Modeling of Past Climates—Perspectives: Beginnings, Present, Future
John E. Kutzbach, Univ. of Wisconsin, Madison, WI
New ideas for modeling of past climates go hand in hand with new observations, with advances in climate models and earth system models, and with advances in computer capacity and speed. Important first steps in quantitative climate modeling using energy balance models were underway in the early 20th century. Dynamical climate models were first used to study past climates in the 1970s and 1980s, with a focus first on the atmosphere, and then on coupled models of atmosphere and upper ocean. I had the privilege of first working with Warren Washington in 1981 as we used a version of CCM0 to conduct a simulation of the climate of 9000 years ago. I have appreciated his early and continuing support and appreciation for the importance of studies of past climate. Currently, coupled climate model simulations include atmosphere, global ocean, vegetation, cryosphere and carbon cycle components. This rapid development in modeling potential has been greatly facilitated by the rapid increase in computational power. Equally important has been the rapid development of more diverse, accurate and worldwide observations of past environments.

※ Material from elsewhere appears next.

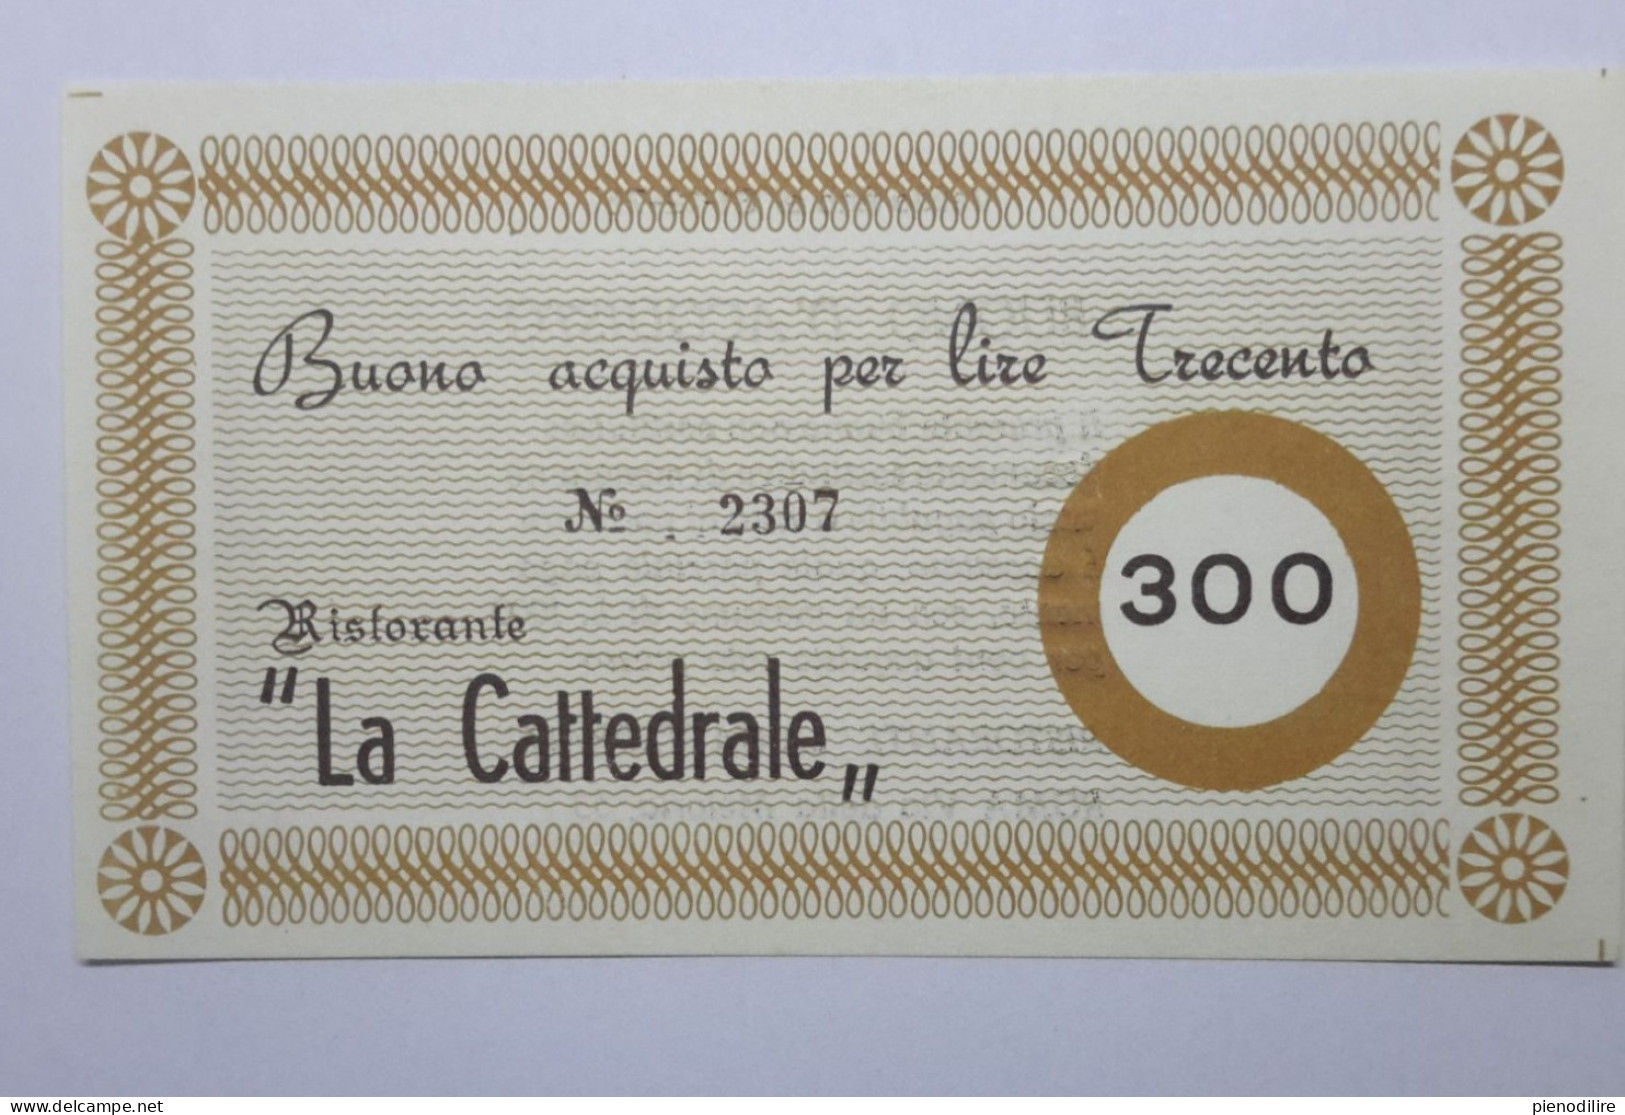 LOTTO 4Pz. 100 200 300 400 LIRE BUONI ACQUISTO RISTORANTE LA CATTEDRALE ROMA VALIDO FINO AL 31.12.1976 (A.4) - [10] Checks And Mini-checks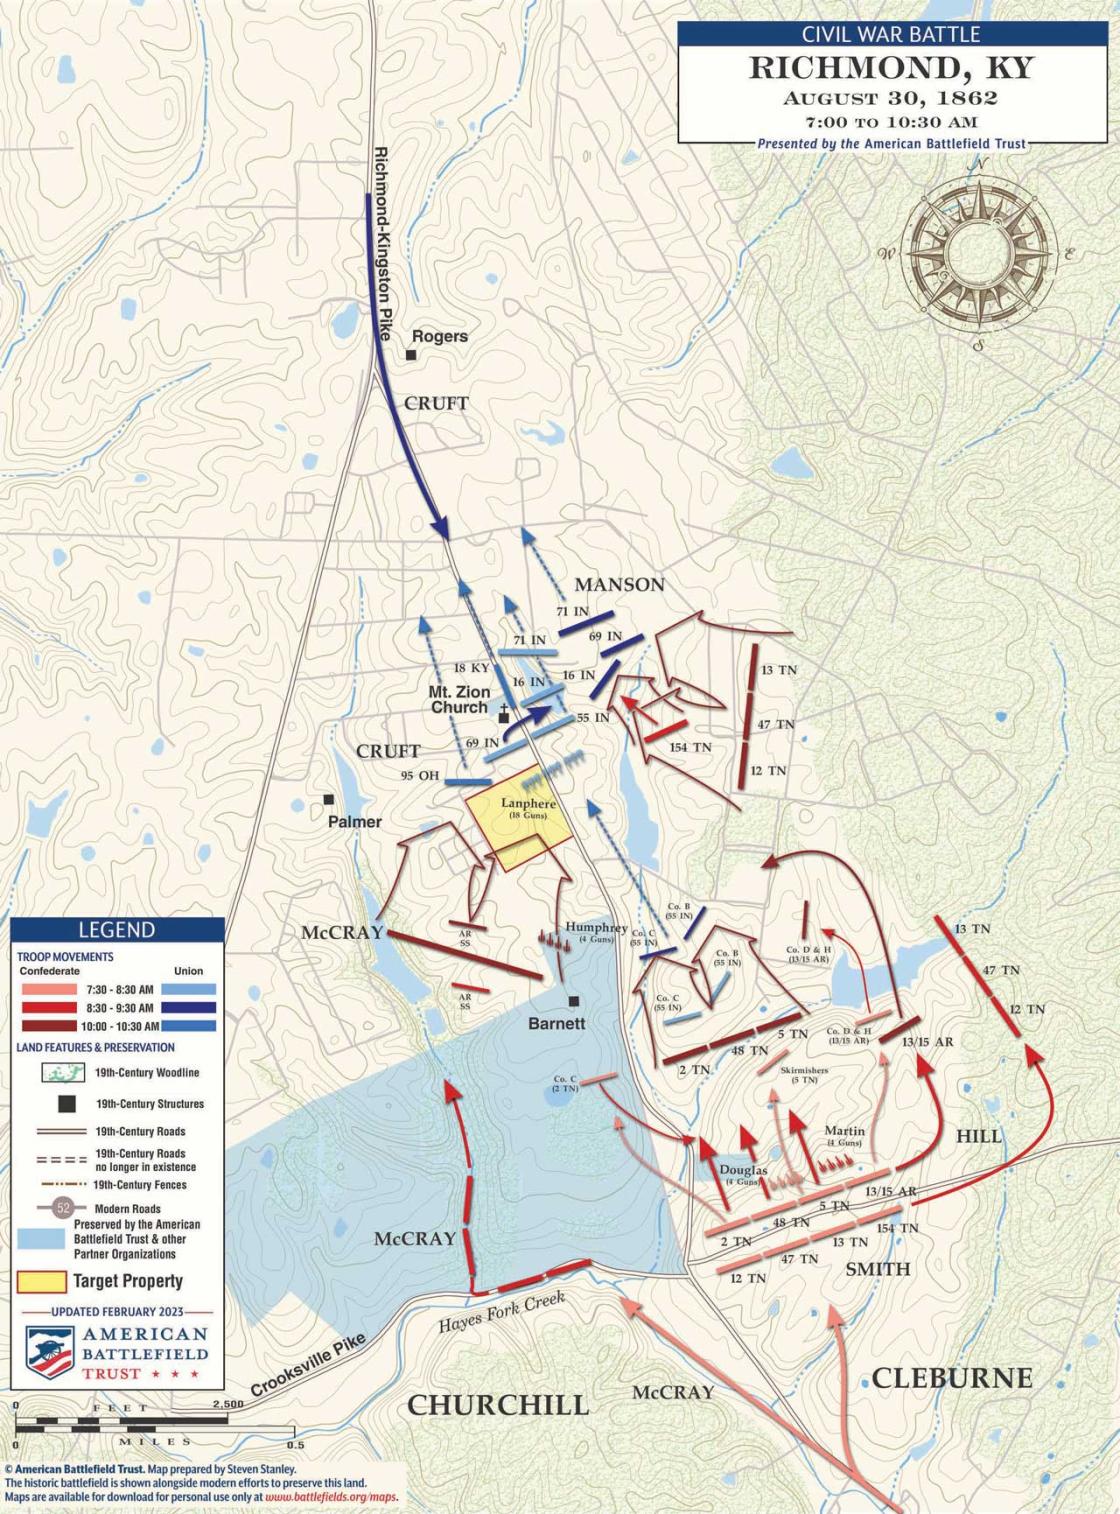 Richmond | Aug 29-30, 1862

The topics of early and current research on modeling of past climates come from a diverse range of ideas about the mechanisms that might force fundamental changes in climate: changes in greenhouse gases, changes in insolation caused by orbital changes, changes in land-sea distribution, changes in orography, and changes in ocean gateways. Certain fundamental principles of modeling and analysis have been important in the past, are important now, and most likely will continue to be important. These principles are enumerated by way of examples.
Looking toward the future, new observations, improved models and even faster computers are to be expected. There will also be new challenges: making intermodel comparisons and model/data comparisons, including non-linear feedback mechanisms properly, studying the response of climate to combinations of forcing, and simulating variability and abrupt change accurately. Another challenge will be to simulate the environmental records directly (rather than providing only conventional climate variables as output) so that simulated environmental records may be compared directly to observed environmental records. What's past is prologue.